Stocks around the world have rebounded from their lows in March: the FTSE-100 is up 10%; the FTSE Eurofirst is up 9%; the S&P 500 is up 8%; and stocks in Japan were up a remarkable 22% at the time of writing.

Does this signal that equity investors and the market more widely is beginning to anticipate the end of the credit crunch? Are there signs, albeit tentative ones, of the debt markets re-opening?

It is difficult to know what the answer is at this point, but certainly CFOs should be wary of being fooled by recent signs of the crunch easing.

The macro economic picture is at best unclear; inflation is increasing sharply, with the retail price index up 0.9% on the month and 4.2% on the year.

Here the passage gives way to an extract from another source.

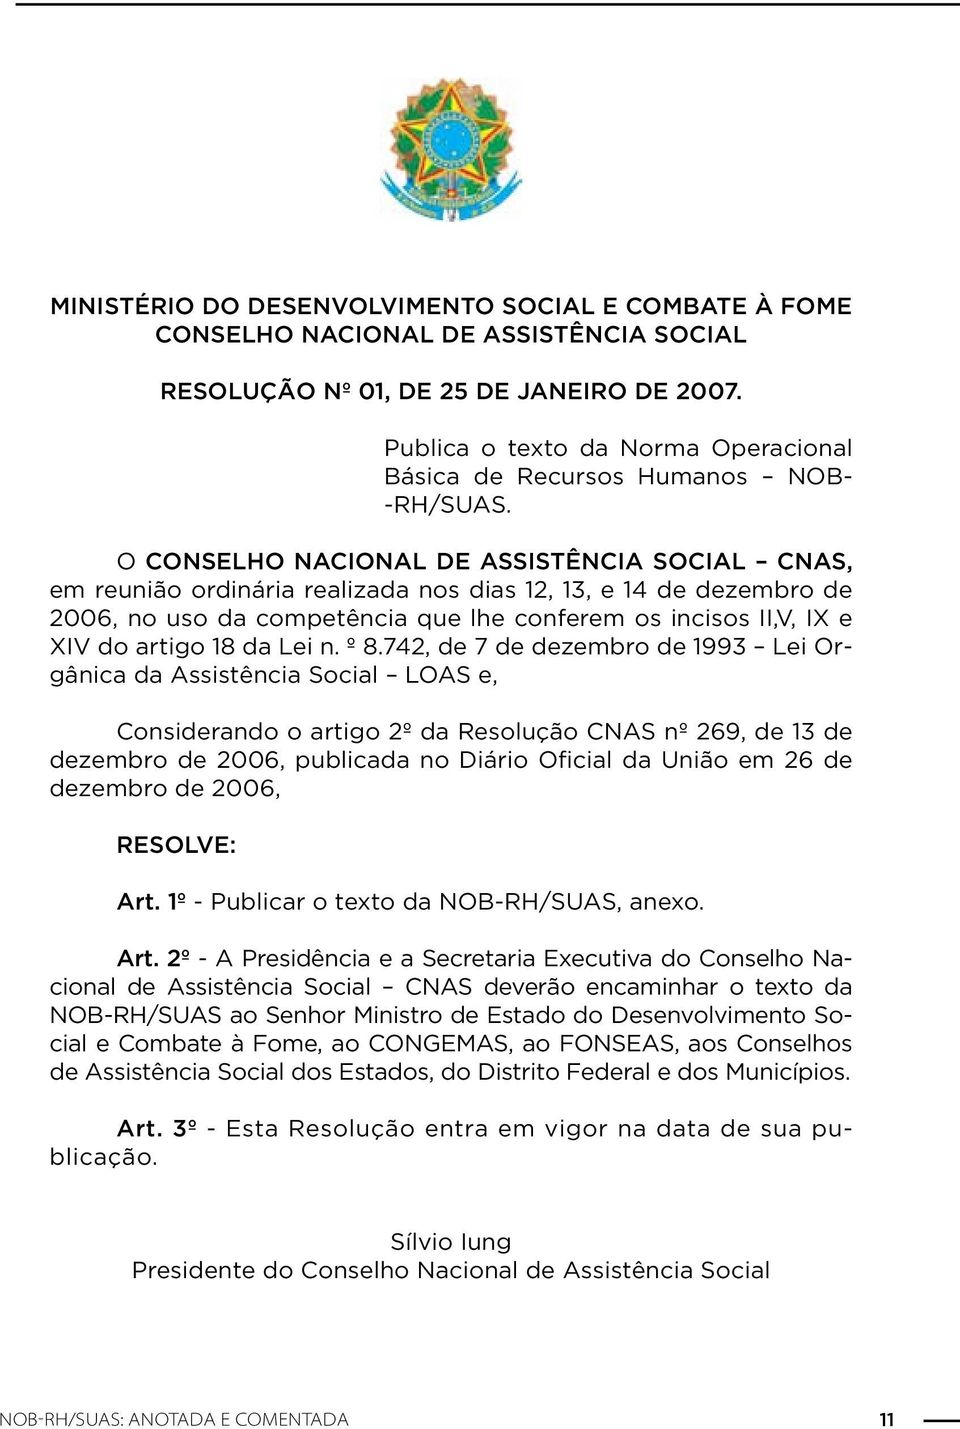 O CONSELHO NACIONAL DE ASSISTÊNCIA SOCIAL CNAS, em reunião ordinária realizada nos dias 12, 13, e 14 de dezembro de 2006, no uso da competência que lhe conferem os incisos II,V, IX e XIV do artigo 18

Expectations of UK interest rate movements have moved from two cuts over the next year to increasing doubts that we will see further cuts for some time.

Corporate earnings remain relatively strong, 2008 has already seen more defaults across the US and UK than in the whole of 2007, according to S&P, and very few CEOs and CFOs are optimistic of the outlook for their company over the next year.

So where does this leave the debt markets? Capital-constrained banks are seeking equity injections to shore up their balance sheets, which will hopefully bring some liquidity back into the debt markets. Key measures of debt market risk appetite have shown some signs of recovery, and there are also tentative signs that the bond markets are re-opening.

However, a lack of confidence and liquidity in the inter-bank market is wreaking havoc with new debt raisings.

Margin flex language and its subsequent enforcement ­ even for blue chip investment grade corporates ­ is increasingly common, and given the difficulties faced by banks trying to sell down their exposures, CFOs currently raising finance could easily see the spreads they have to pay for debt double, compared with those they could have expected before the summer of 2007.

One thing is certain, for anyone currently at the coal face of raising finance, the repercussions of the credit crunch are still apparent, and could well be for some time to come.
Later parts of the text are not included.